Durch seine Tätigkeit an der Universität für Internationale Wirtschaft und Diplomatie war es ihm möglich einen Forschungsaufenthalt in Kairo am Zentrum für Mittelasienstudien zu absolvieren. Im Jahre 2000 wurde er wissenschaftlicher Mitarbeiter am Institut für Geschichte in Taschkent.

Nach einem Forschungsaufenthalt in Jerusalem im Jahr 2001 kehrte er mit einem Promotionsstipendium des DAAD nach Deutschland zurück. Er bereitete zunächst eine Dissertation in Bonn unter informeller Anleitung von Prof. Dr. Annemarie Schimmel vor. In dieser Zeit kam es darüber hinaus zu einem intensiven Kontakt und Austausch mit dem im Exil lebenden russischen Logiker und Philosophen Alexander Sinowjew, der mit seinen Ansätzen nachhaltig das methodologische Denken Sidikovs beeinflusst hat. Sidikov promovierte 2003 mit einer Arbeit über die Bilder und Zerrbilder Mittelasiens in Deutschland.

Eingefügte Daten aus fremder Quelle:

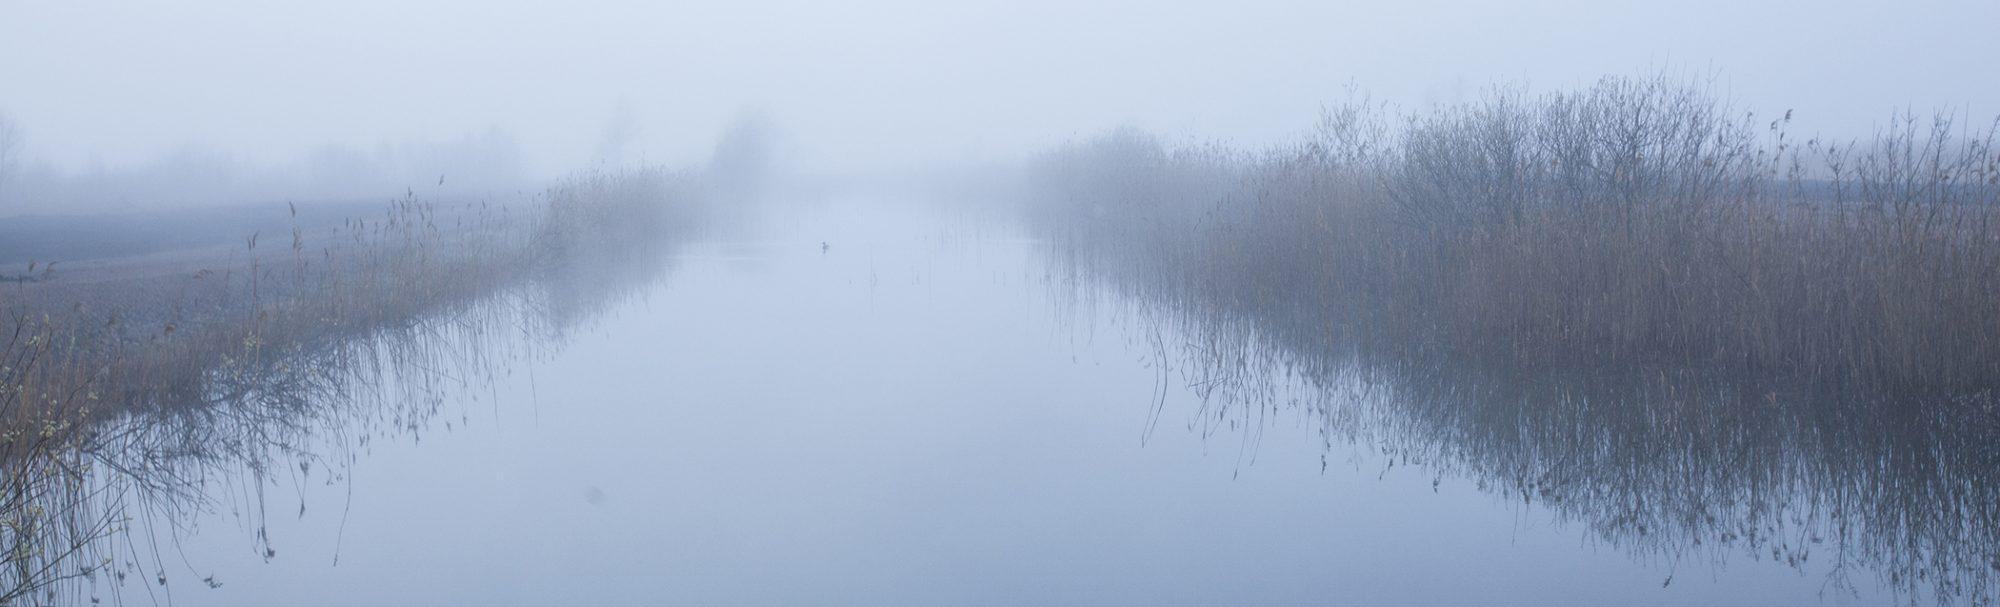 Mossen i dimma

Er wurde Mitarbeiter am Projekt Zerrspiegel des Orientalistischen Instituts in Halle (Saale) und 2003 Research Fellow am Osteuropa Institut der Freien Universität Berlin im Projekt der VolkswagenStiftung "Accounting for State-Building, Stability and Conflict: The Institutional Framework of Caucasian and Central Asian Transitional Societies". Im Zuge dieser Tätigkeit absolvierte er Forschungsaufenthalte in Usbekistan und Aserbaidschan.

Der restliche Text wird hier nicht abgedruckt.